Thursday, April 9, 2009

St John on the Commemoration of the Non-Orthodox

Here is my translation of St John of Shanghai and San Francisco’s Ukaz [Decree] No. 39, from September 23, 1951:
Clergy are reminded that only persons belonging to the Orthodox Church are to be commemorated at the Divine Liturgy, inasmuch as such commemoration is of those persons who are participants in Divine services, in which only Orthodox Christians can participate. Similarly, those who have consciously committed suicide may not be commemorated, inasmuch as they have left the Church of their own will.

The same can be said of burials, panikhidas, and other services that are assigned to be performed for Orthodox faithful, which is obvious from the very expressions used in them.
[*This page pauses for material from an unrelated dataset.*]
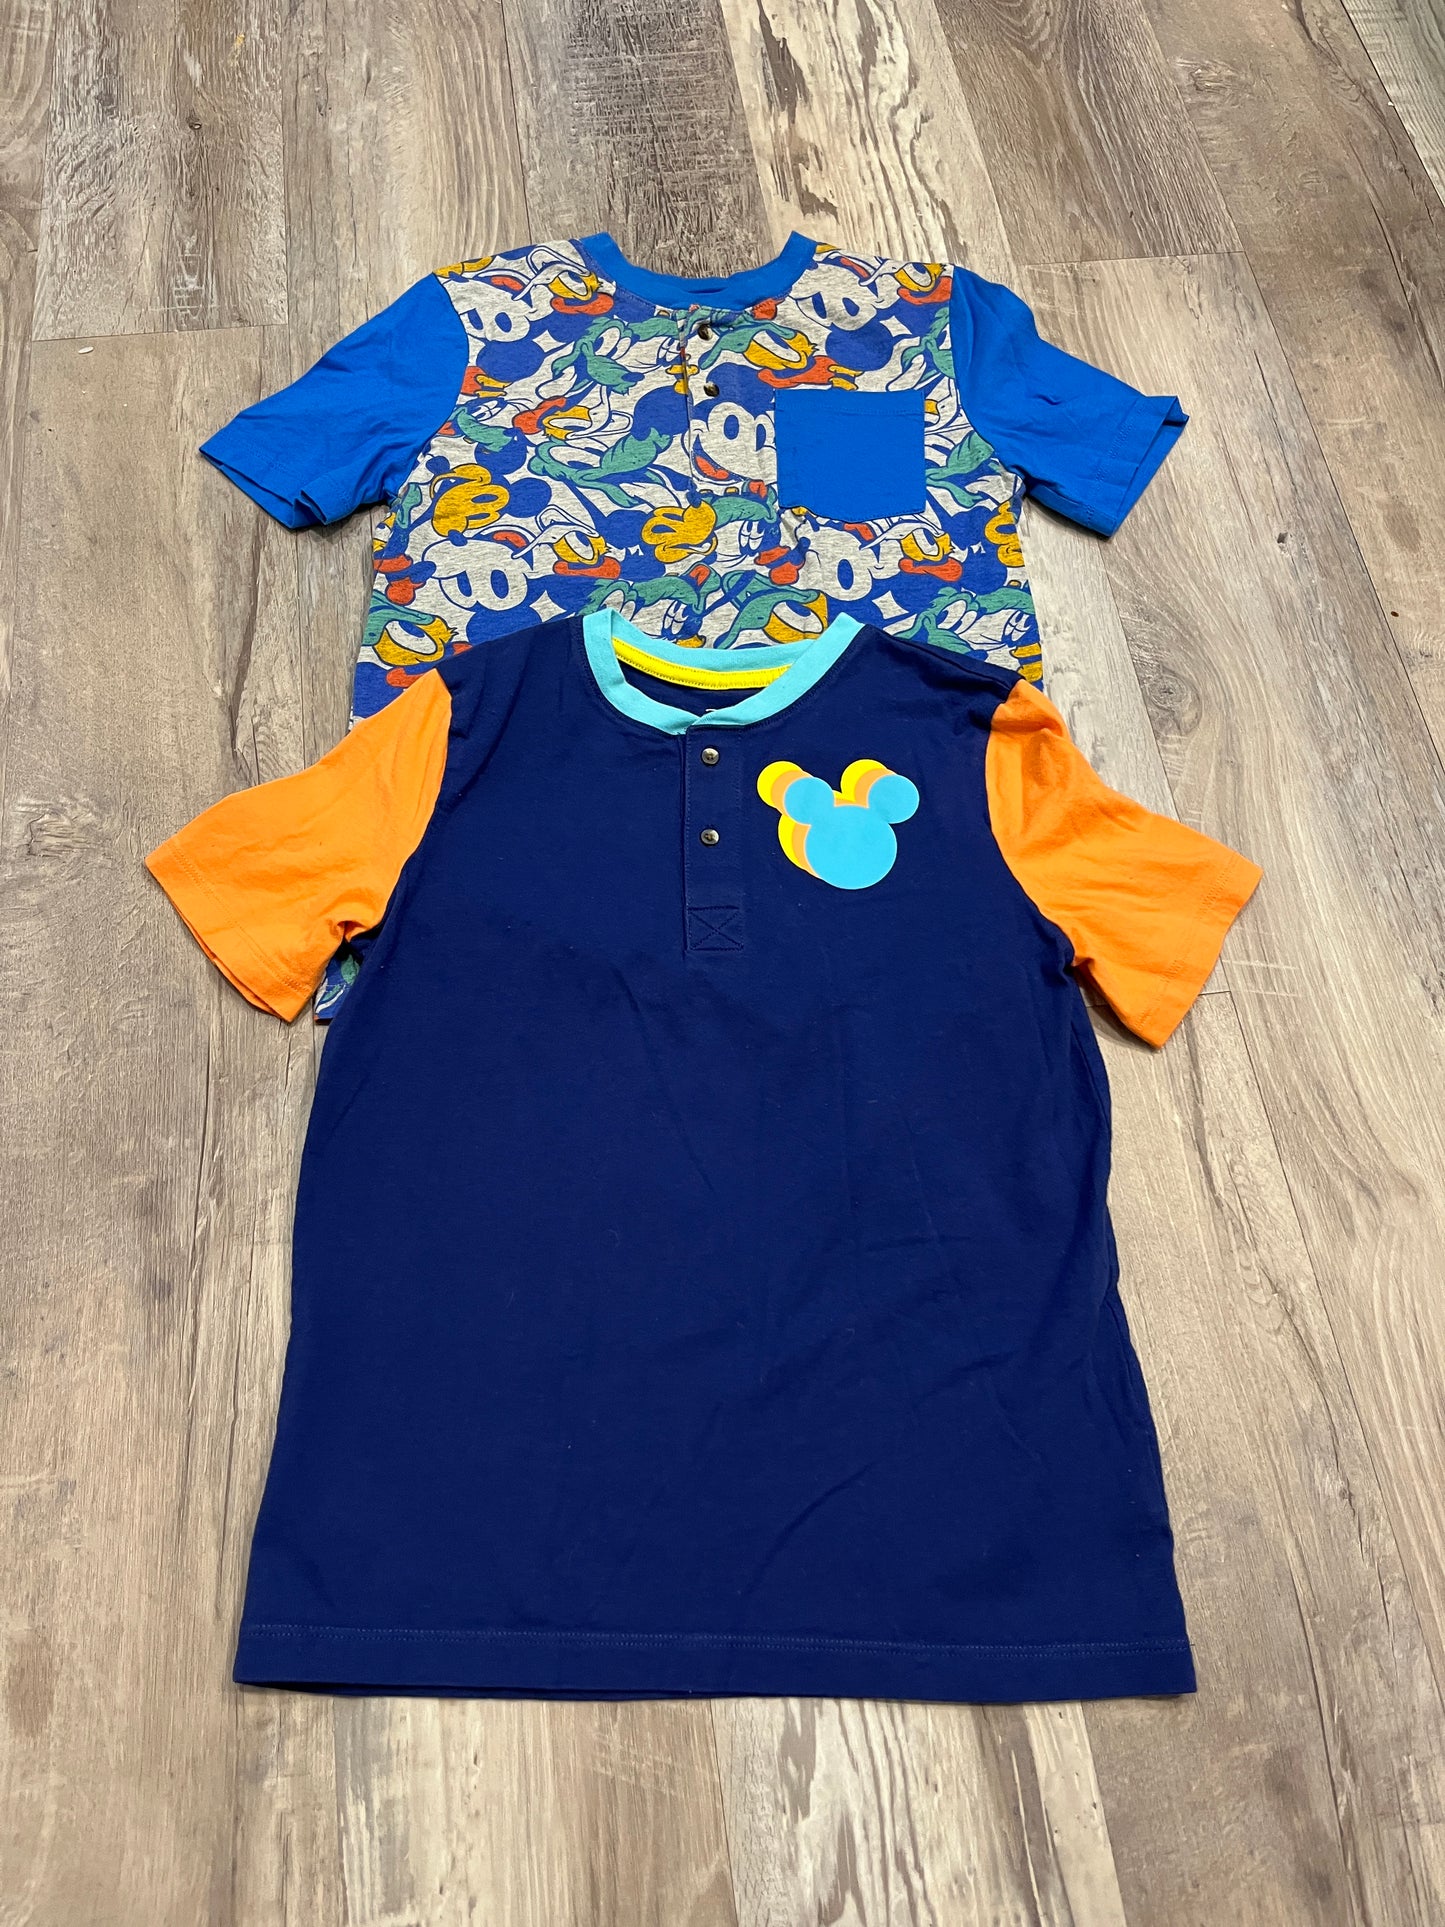 Boys Disney/Spotted Zebra Mickey Shirt Set Size M (8)

As an exception for those persons who during their life were well disposed to the Orthodox faith and took part in its life to the best of their ability, a prayer for the reposed may be performed, made up of the chanting of the seventeenth kathisma (Psalm 118) with the addition of a short litany for the reposed, and [the chanting of] “Eternal memory.”

In their private prayers Orthodox Christians may pray to God for all, hoping in God’s mercy.
Photograph: St John serving a panikhida on the very spot (in the middle of a busy street in Marseilles) on which King Alexander I of Yugoslavia was assassinated in 1934.